CORE: Contrastive Reflection Enables Rapid Improvements in Reasoning
2026-05-27 • Artificial Intelligence
Artificial Intelligence
AI summaryⓘ
The authors introduce a new method called Contrastive Reflection (CORE) to help language models improve their reasoning using fewer examples and attempts. CORE works by comparing past reasoning attempts, noticing what worked and what didn’t, and turning those observations into short, easy-to-understand descriptions. This method improves learning speed and requires less computing power than other approaches. The authors tested CORE on four reasoning tasks and found it learns faster and is more efficient in using memory and prompts.
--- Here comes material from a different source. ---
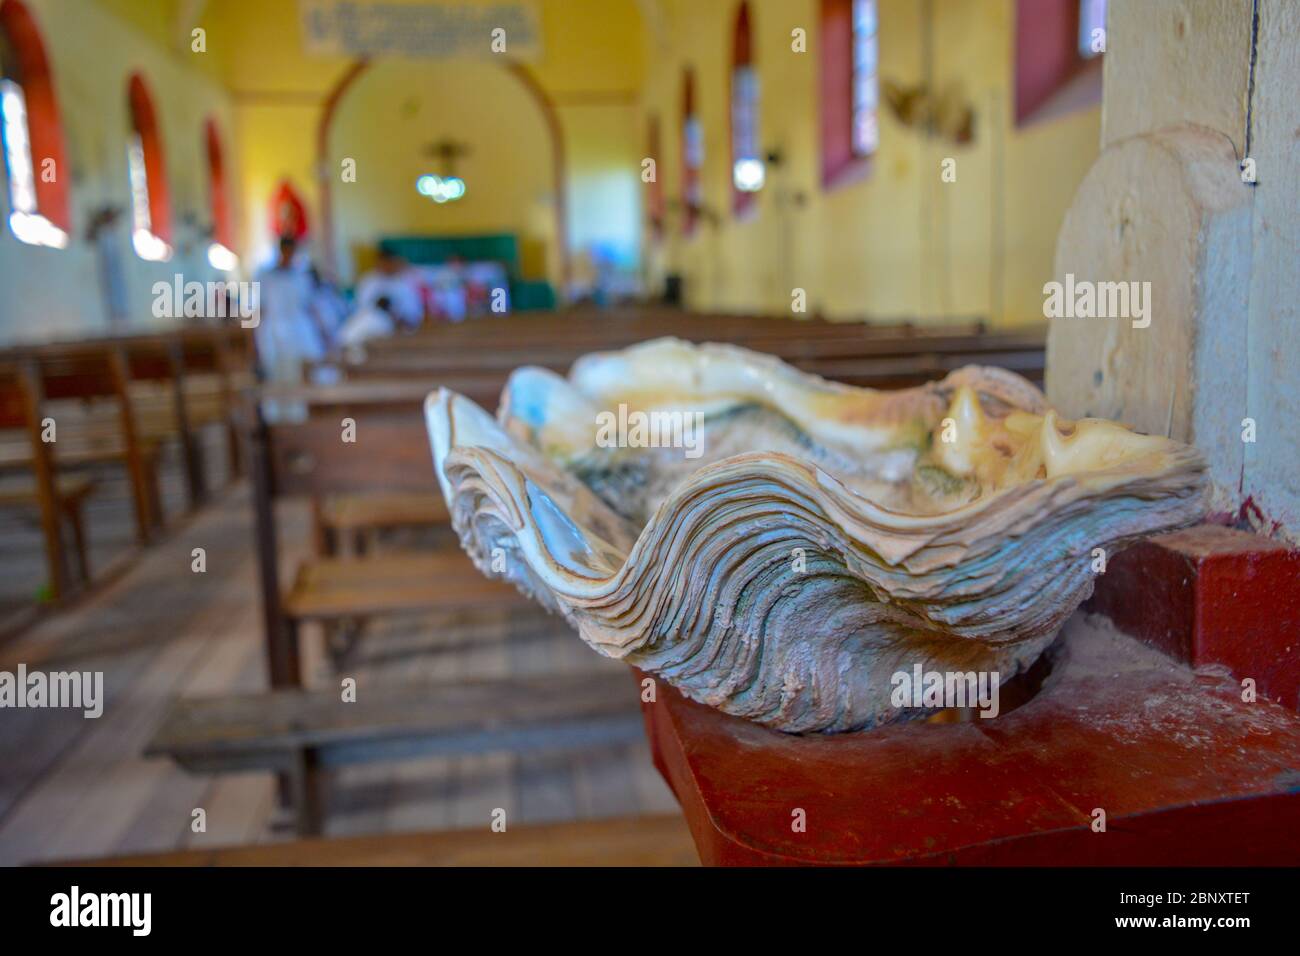 A beautiful container for holy water in church. Bowl for blessed water in cathedral, Natural huge seashell and empty seats in catholic church, indoor Stock Photo

They suggest that using these natural language insights is a simpler and clearer way for models to get better at reasoning.
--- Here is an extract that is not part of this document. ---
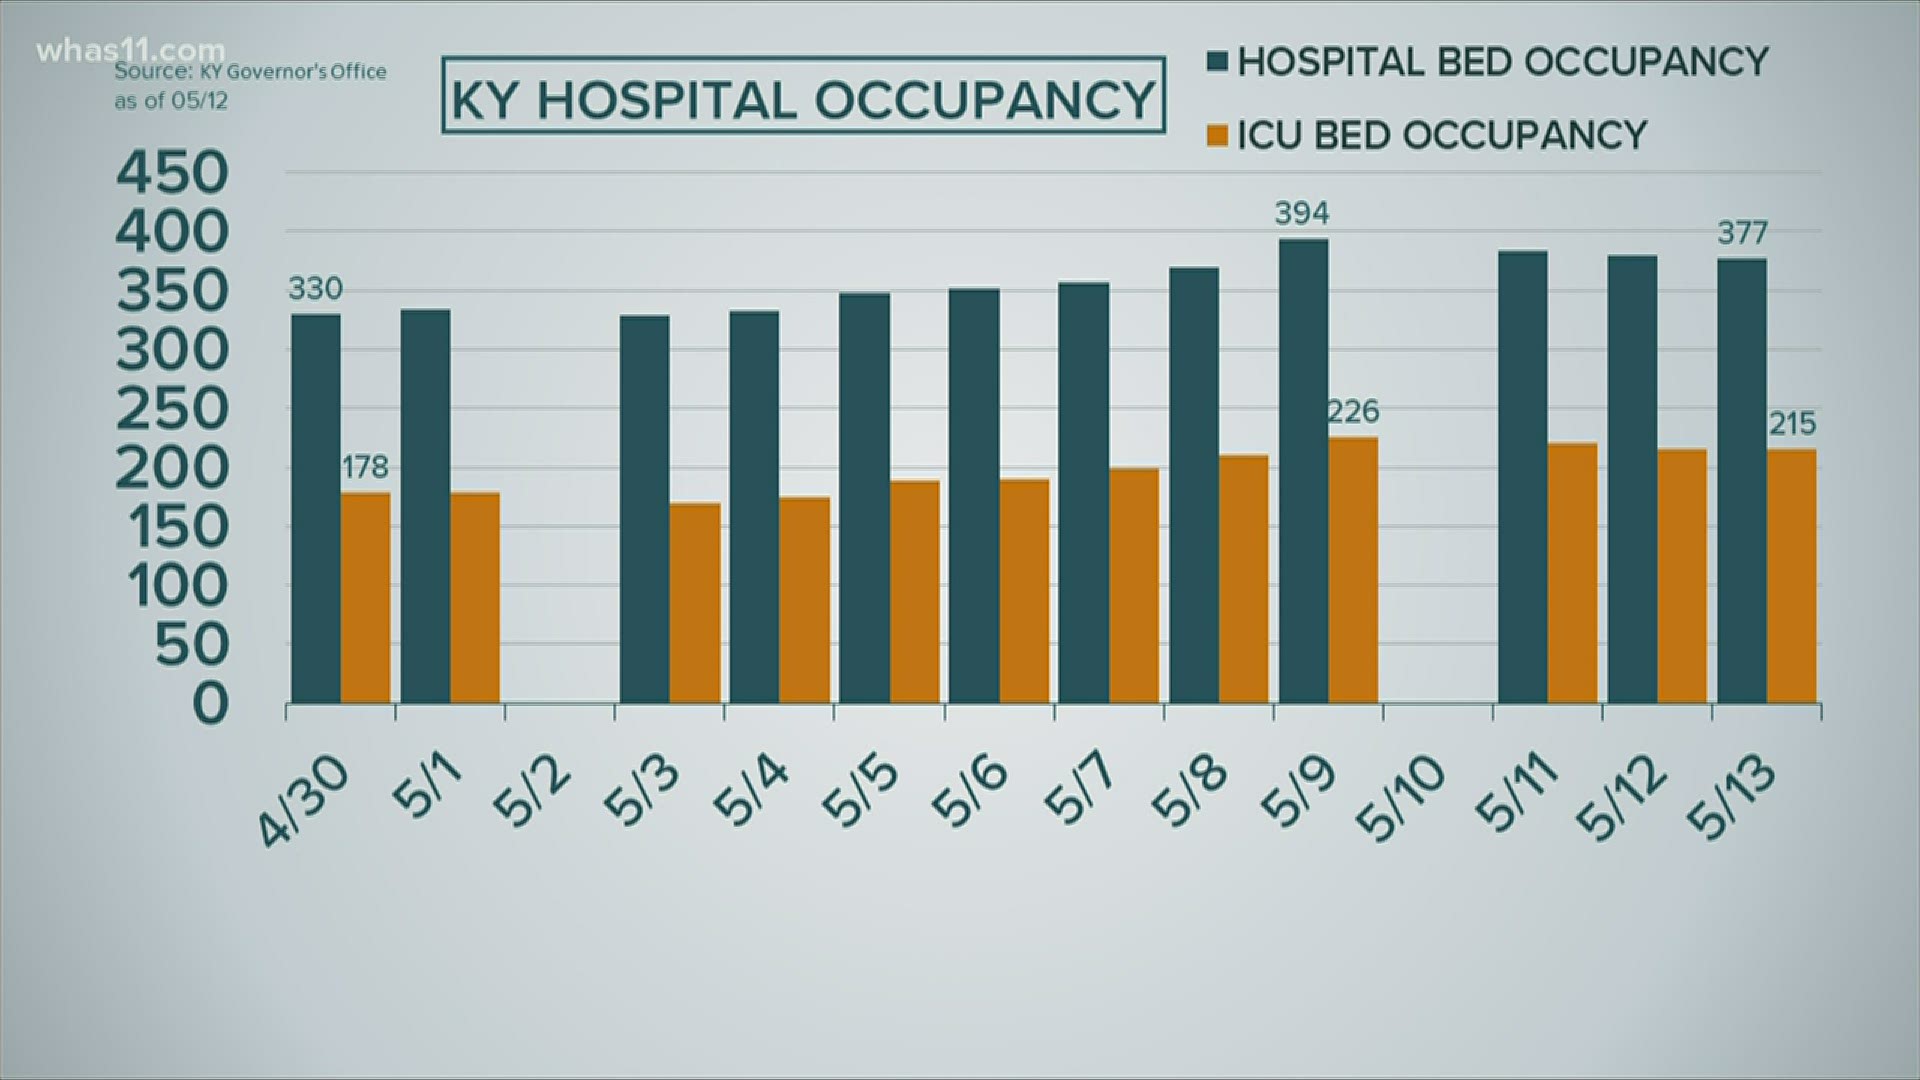 The hospitalization data gives us a clear idea of who is seriously sick and if that number is going up or down.

language modelsreasoning tasksnon-parametric learningContrastive Reflection (CORE)reasoning tracesparametric methodsprompt optimizationmodel rolloutsself-improvementcontext efficiency
Authors
Linas Nasvytis, Simon Jerome Han, Ben Prystawski, Satchel Grant, Noah D. Goodman, Judith E. Fan
Abstract
Language models can use verifiable rewards to improve at a wide variety of reasoning tasks. However, both parametric (e.g. RLVR) and non-parametric (e.g. prompt optimization) approaches to doing so typically require hundreds of training samples and thousands of model rollouts, making them expensive in the best case and intractable in the worst. To address this challenge, we introduce Contrastive Reflection (CORE), a non-parametric learning algorithm that compares past reasoning traces to generate insights: short natural-language descriptions of reasoning strategies and constraints that capture differences between successful and unsuccessful problem attempts. Across four reasoning tasks, we demonstrate that CORE enables more rapid improvement than both parametric (GRPO) and non-parametric (GEPA, episodic RAG, and MemRL) methods, while using fewer rollouts. Under fixed rollout budgets with as few as five training samples, we then show that CORE also achieves comparable or greater performance gains than each baseline. Finally, we highlight how CORE is also substantially more context-efficient than non-parametric baselines, requiring fewer prompt tokens while storing learned knowledge as compact, interpretable natural-language insights. Our results therefore suggest that distilling contrasts between successful and unsuccessful reasoning traces into abstract and useful insights can provide a more efficient and interpretable route to model self-improvement than weight updates, prompt optimization, or direct reuse of stored reasoning traces.